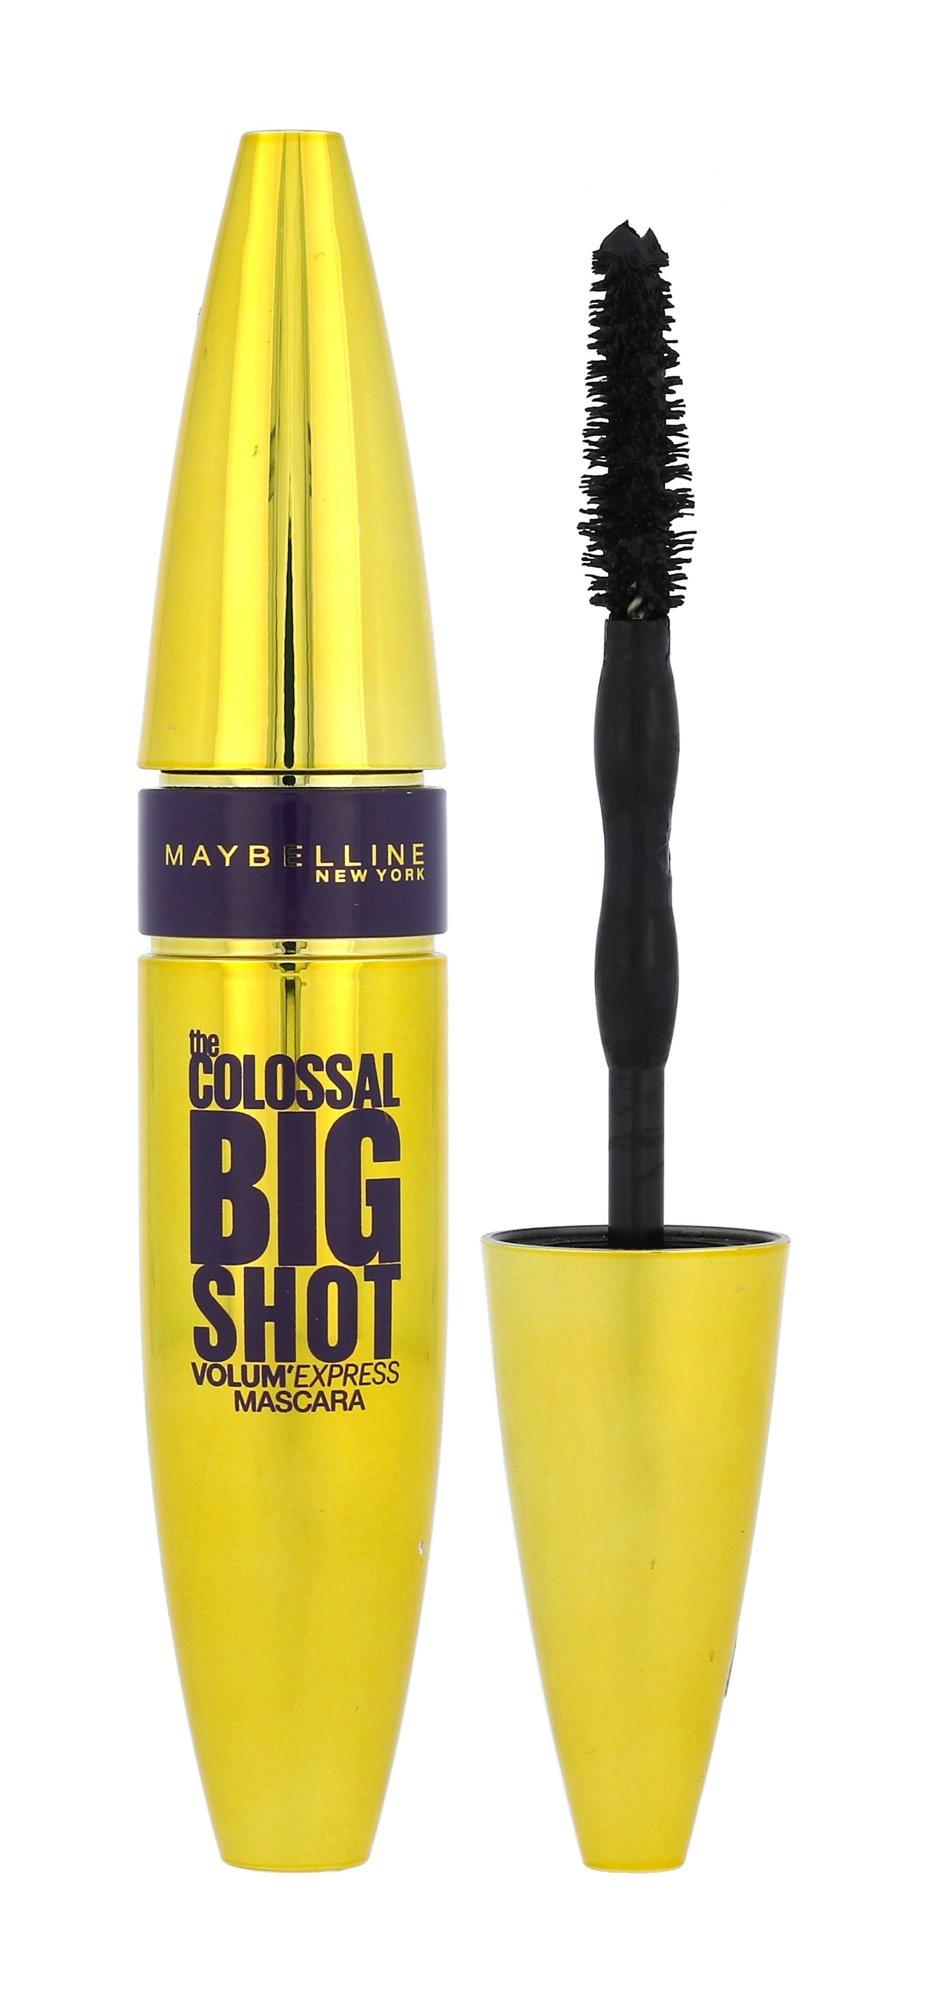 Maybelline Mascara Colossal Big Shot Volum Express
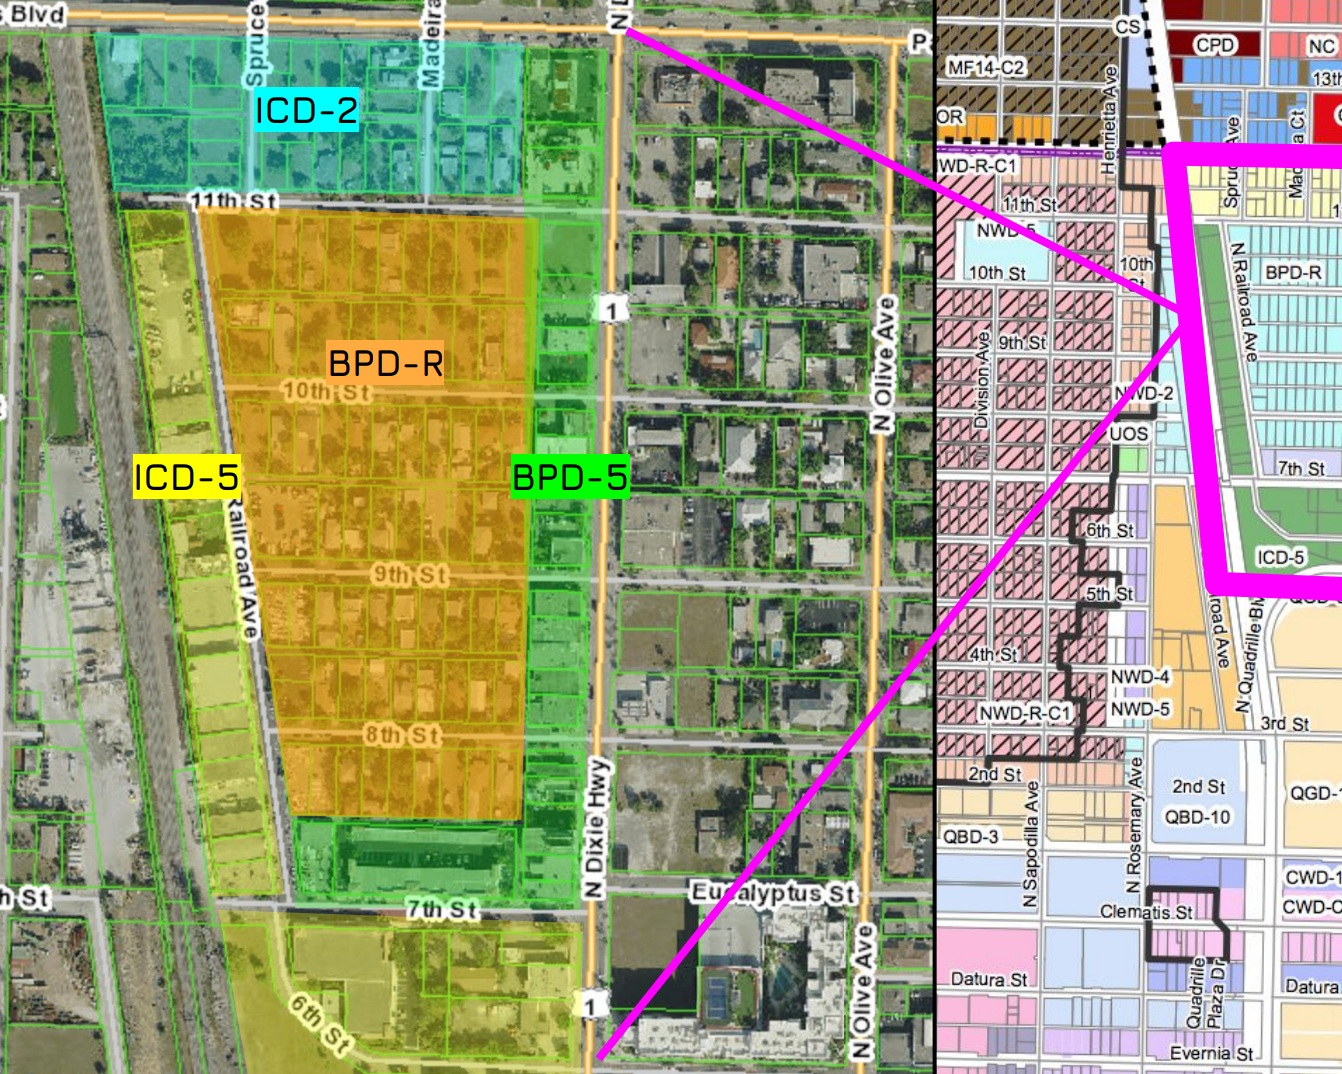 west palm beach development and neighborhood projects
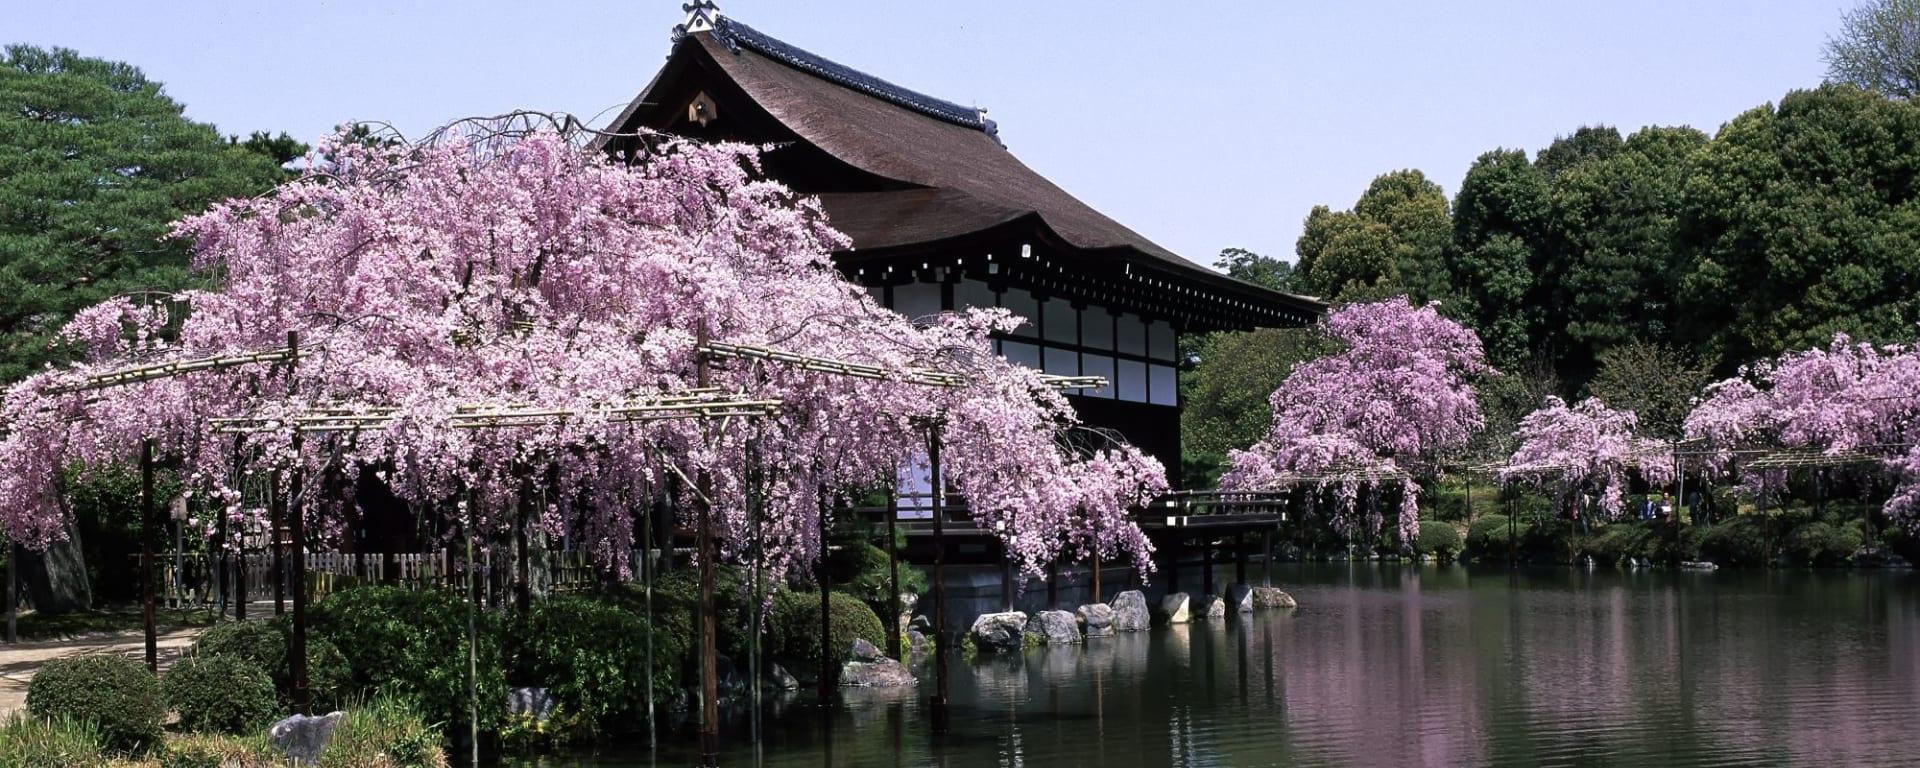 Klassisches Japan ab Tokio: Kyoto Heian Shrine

━━━━━━━━

■ Work request:
What is needed is a word-for-word copy of the data, minus its pictures.

■ Answer to this problem:
 Maybelline Mascara Colossal Big Shot Volum Express
 west palm beach development and neighborhood projects
 Klassisches Japan ab Tokio: Kyoto Heian Shrine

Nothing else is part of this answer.